ESPN.com’s Baseball page has been running a little panel (righthand side, just below the columnists) called the Juicebox which is tracking year-to-year scoring and power comparisons. As they explain, “MLB has instituted a steroid policy for the first time this season. ESPN.com looks at 2004 power numbers compared to the last two seasons.” Here are the numbers through last night:
Through May 4 2004 2003 2002
Homers Per Game 1.065 1.071 1.043
Runs per game 4.899 4.728 4.618
Doubles per game 1.901 1.816 1.793
Aggregate SLG .426 .422 .417
Scoring is up 3.6% off of last year and 6.1% over two years, doubles, and slugging percentage are slightly up, and homers, while not surpassing last year’s rate, are still up 2.1% percent over 2002. If the sudden lack of steroid-taking is having an impact — and I’m not so naive to believe that some players haven’t switched to whatever’s beyond THG in the cat-and-mouse game of detection — then it must be the pitchers who’ve been hurt more by giving up the juice. Unless it’s warmer weather, higher winds blowing out, or our old friends, random chance and small sample size, that is.
Onto Exhibit B… given the media outrage which surrounded the issue back in March, one would have expected fans to be staying away in droves as they found out their heroes were tainted by the possible use of THG and other performance-enhancing drugs. Just the opposite appears to be true. Major League Baseball announced yesterday that attendance for the season’s first four weeks had set a new record. The average attendance through May 2 was was 29,363 per game, the highest since detailed breakdowns were first recorded in 1980. That’s a 15.1% increase over last year, more than 3800 fans per game.
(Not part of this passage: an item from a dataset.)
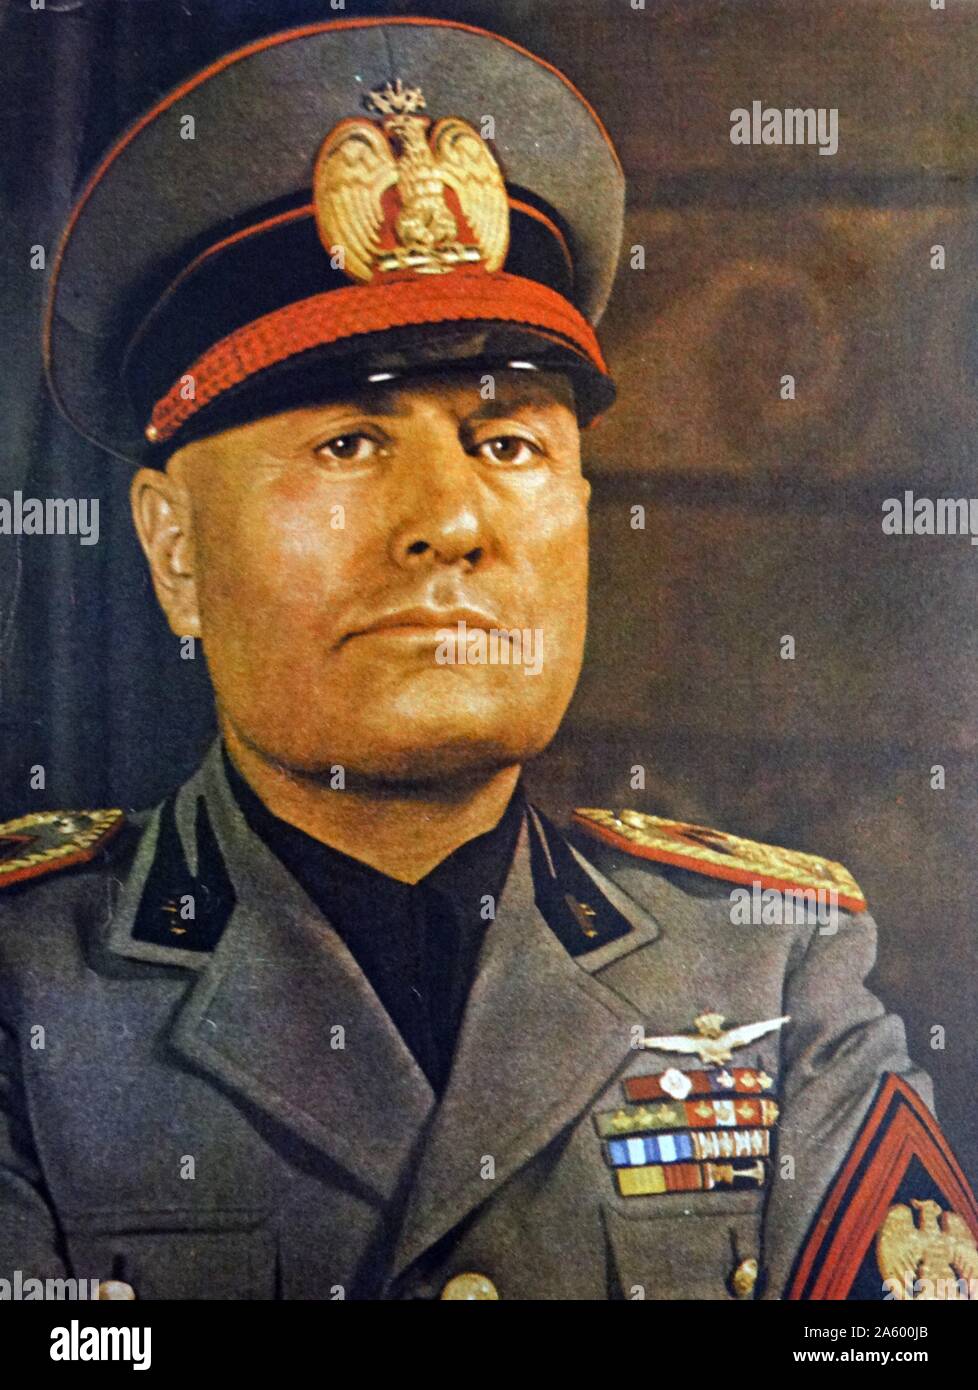 1930 portrait en uniforme de Benito Mussolini (1883 - 28 avril 1945). L'italien, homme politique, journaliste et leader du parti fasciste National. Premier ministre de 1922 jusqu'à son éviction en 1943 Banque D'Images

A few reasons for the attendance spike come to mind, of course. Home-and-home matchups for key interdivision rivalries such as the Yankees-Red Sox may have a disporportionate impact at this point. The Yanks and Sox, to continue with that example, have played 7 times in 25 games, comprising 28% of both teams’ schedules thus far; in a 162-game season, the 19 games between the two make up only 11.7% of the total slate. The two games in Japan between the Yankees and the Devil Rays both drew 55,000, essentially the same as a Yankee home game, and new ballparks in San Diego and Philadelphia are packing people in. According to Slam! Sports, the Phils are up 94% at home over last year through 11 dates, from 20,782 per game to 40,244. The Padres are up as well, but only 35% over last year, from 26,841 to 36,325. Cherrypicking a few more teams, the World Champion Florida Marlins are up 86% to 31,411, the Chicago Cubs are up 30% to 39,490, and the Detroit Tigers are up 34% to a whopping 19,035 per game.
Looking at the two teams most implicated by the BALCO revelations, the San Francisco Giants have only risen 1% to 38,573 (a lousy on-field product — “Bonds and Schmidt and the rest is shit,” said somebody the other night — may have something to do with that), but the Yanks are up 36%, from 34,196 to 46,415, and that’s without including those Tokyo games, for which they were the road team. The Devil Rays are up 63%, but if you leave out those two games, they’re only up 12%. It’s still very early yet — sound the sample-size siren one more time — so all of these extreme numbers may level off, but anybody positing a theory that the fallout from BALCO is having a negative impact on attendance is in for some rough sledding.